** The data **
┄┄┄┄┄┄

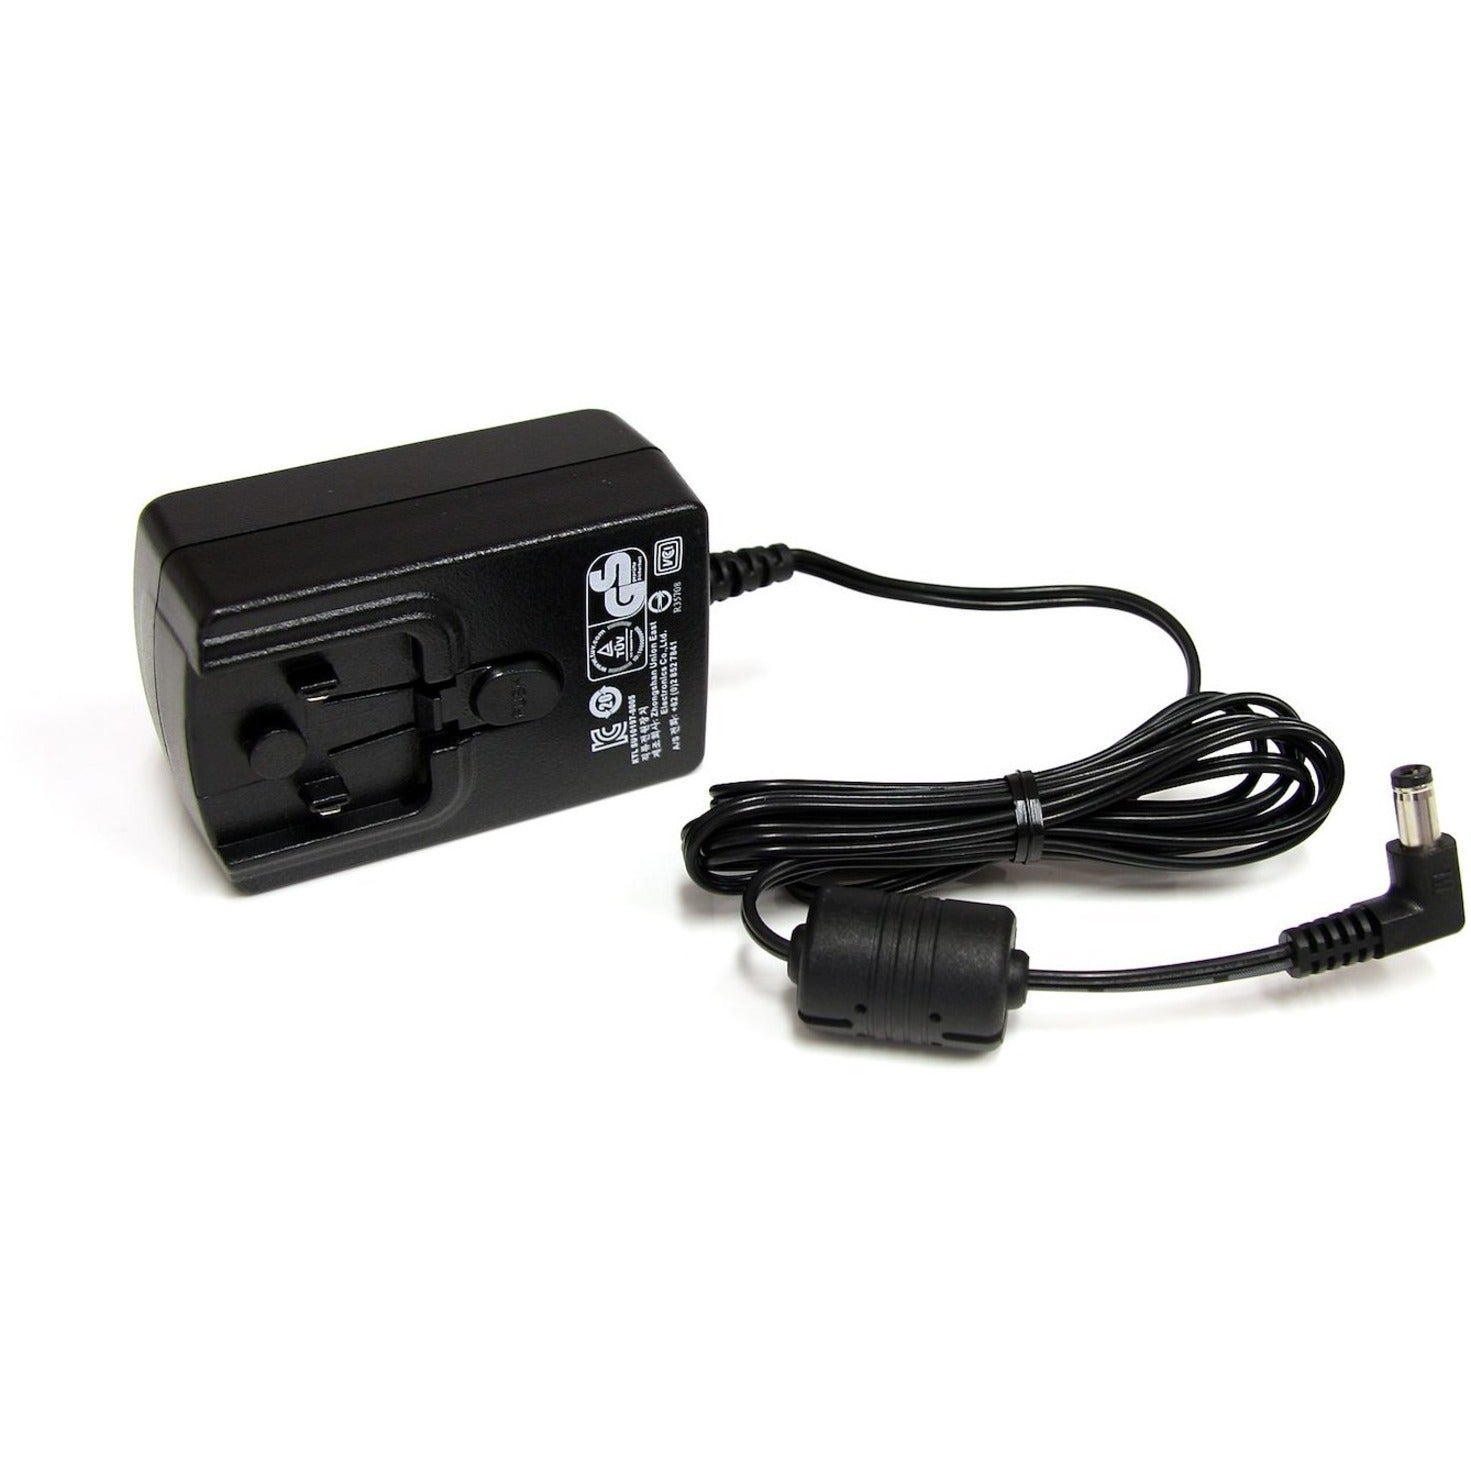 StarTech.com IM12D1500P 12V DC 1.5A Universal Power Adapter, Compact and Efficient Power Supply
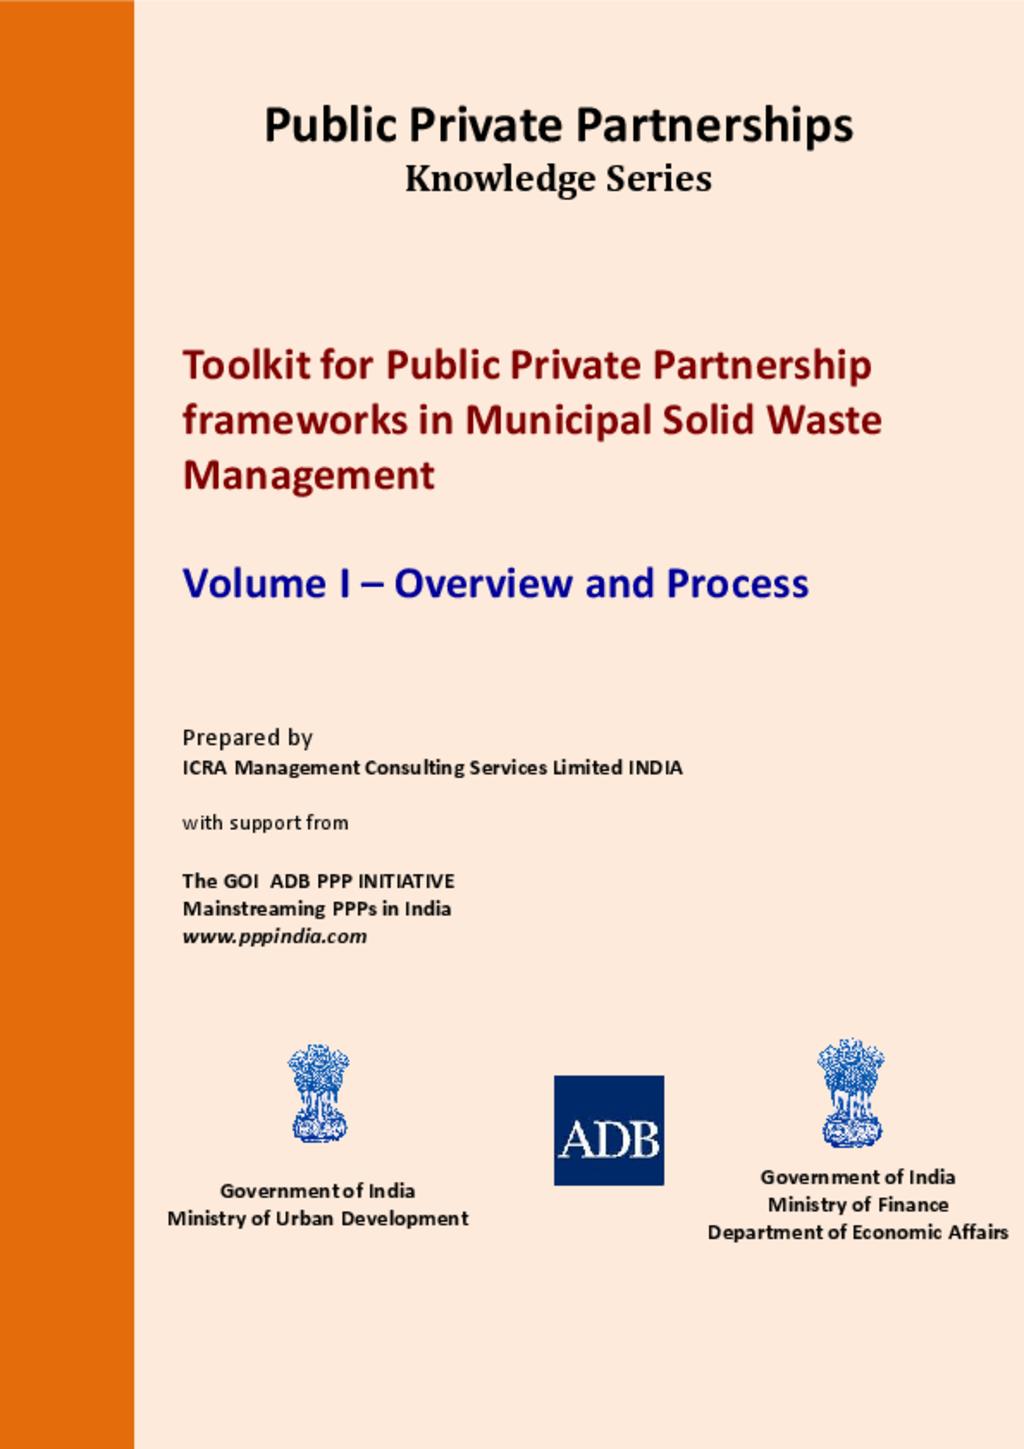 Solid Waste Management Toolkit
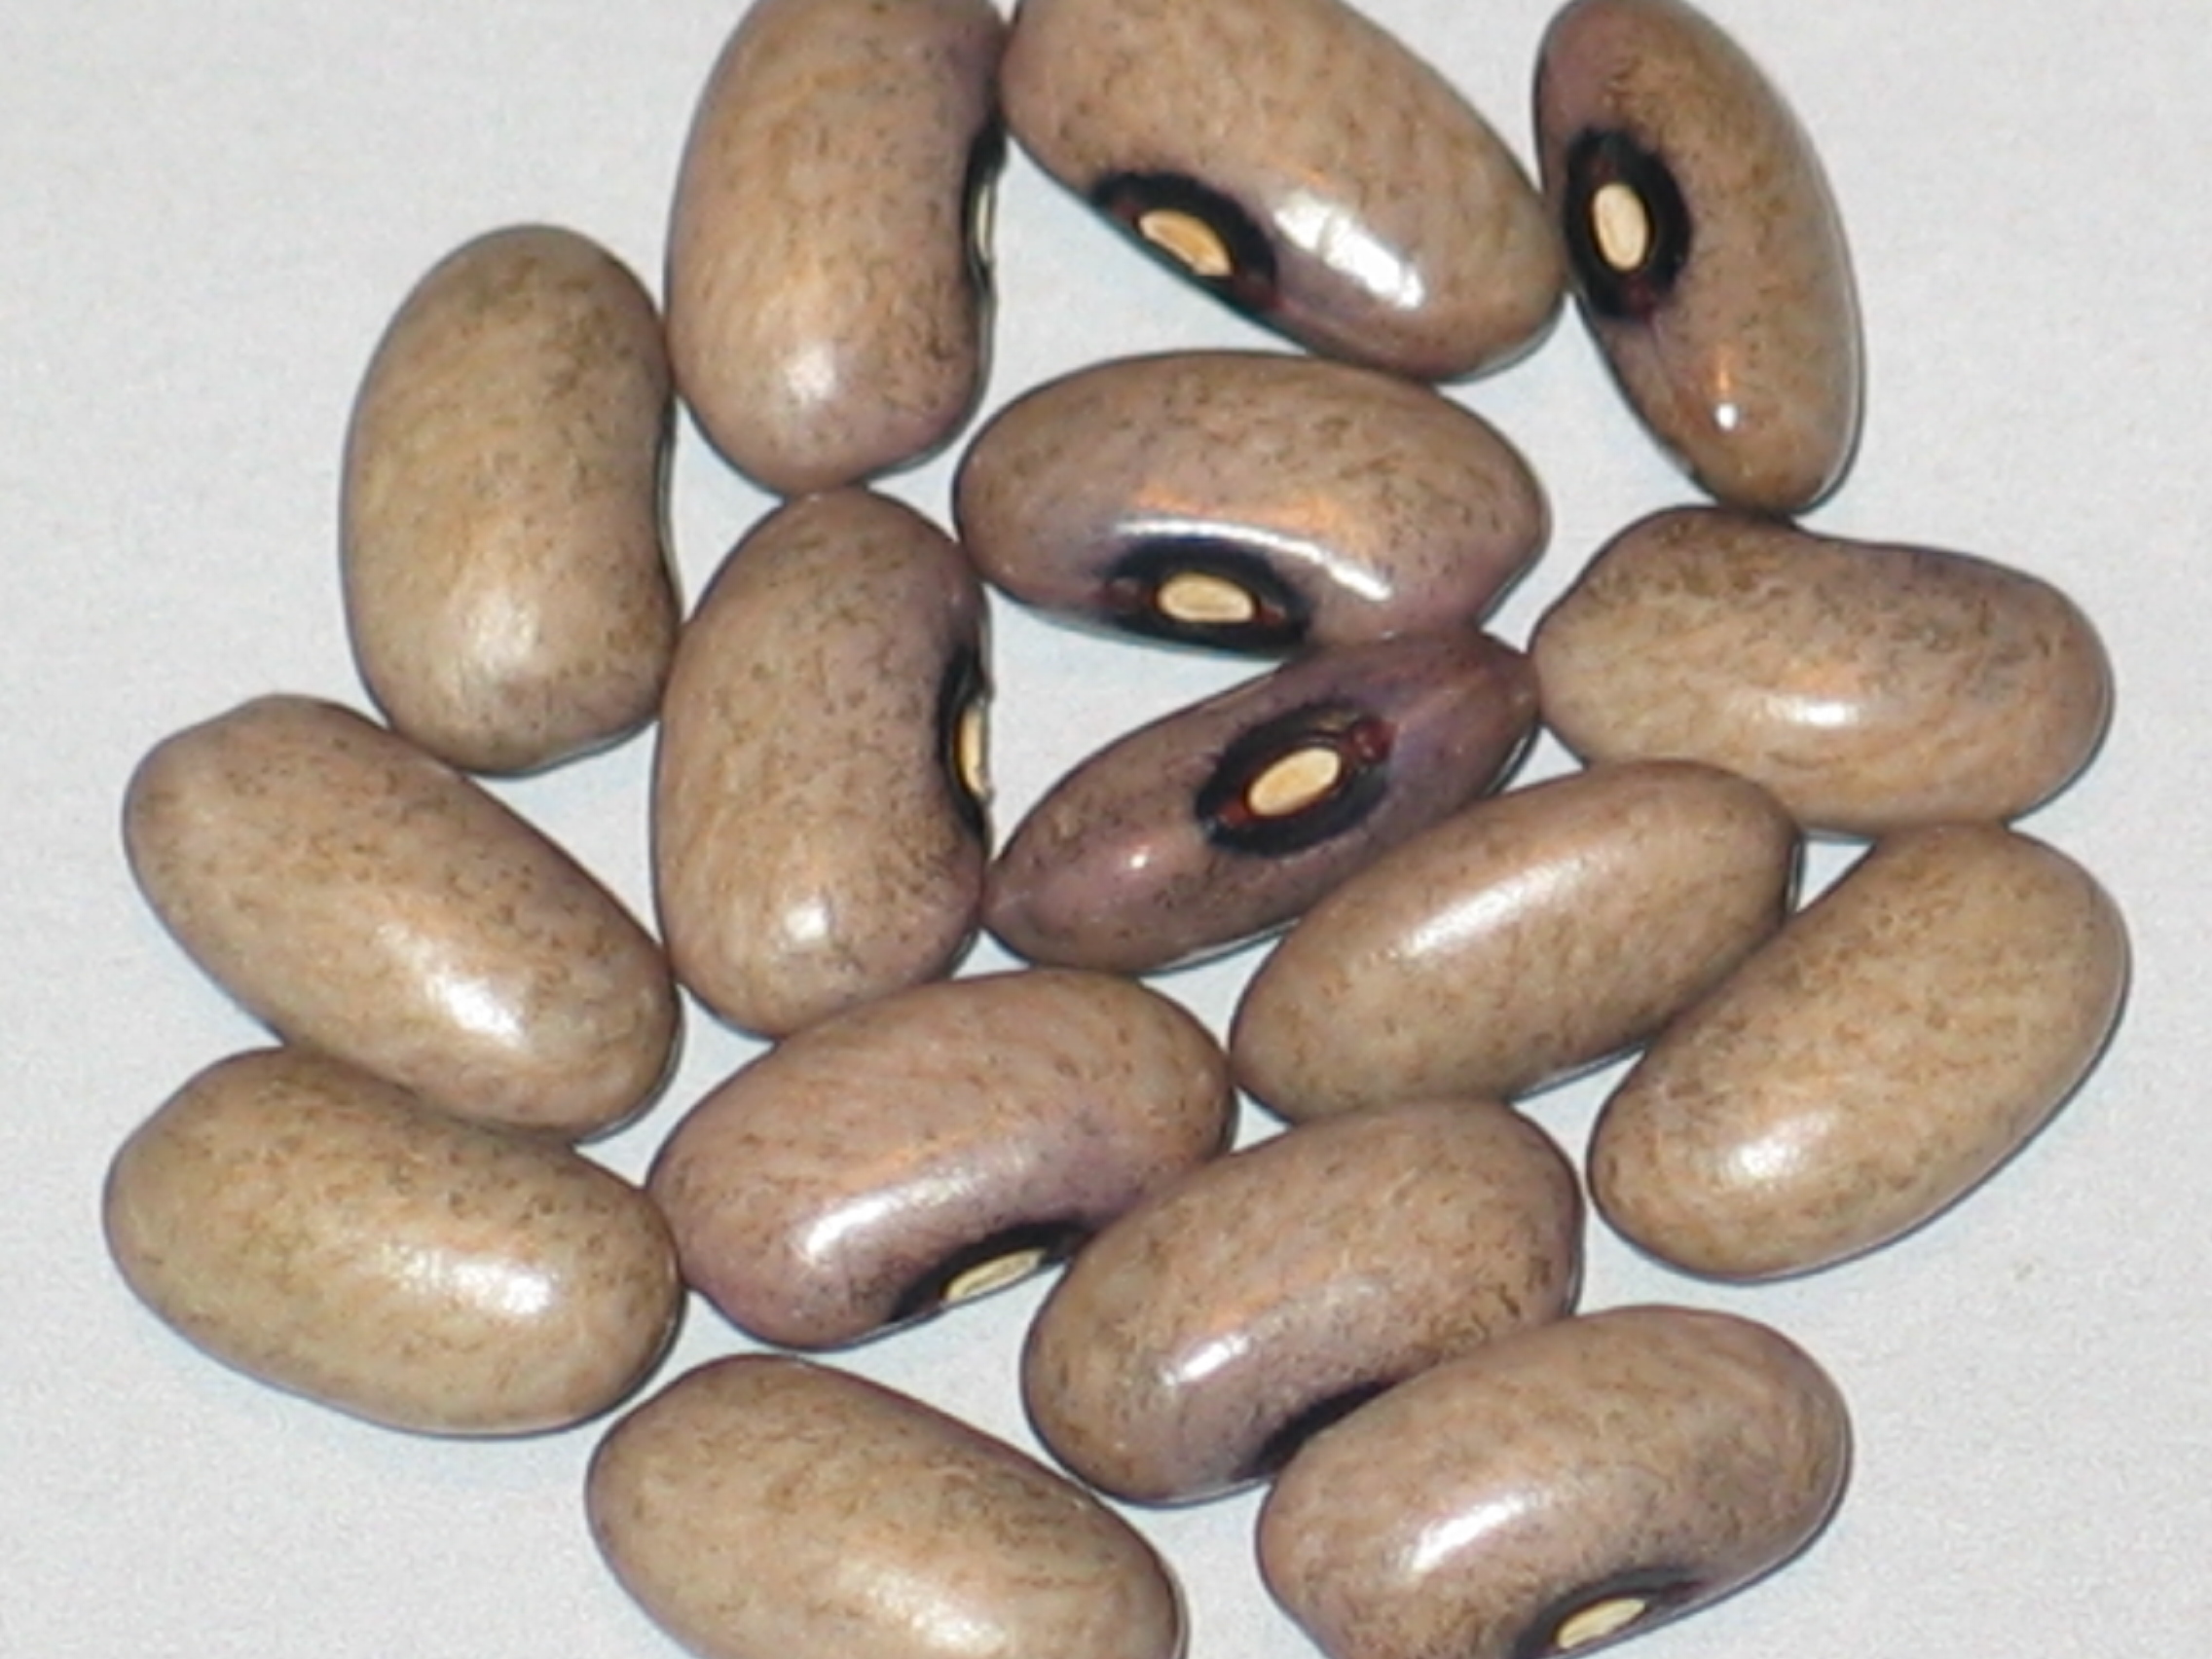 image of Green Savage beans

┄┄┄┄┄┄

** Work to complete **
Would you copy all the material exactly, dropping the pictures?

** Result for this task **
 StarTech.com IM12D1500P 12V DC 1.5A Universal Power Adapter, Compact and Efficient Power Supply
 Solid Waste Management Toolkit
 image of Green Savage beans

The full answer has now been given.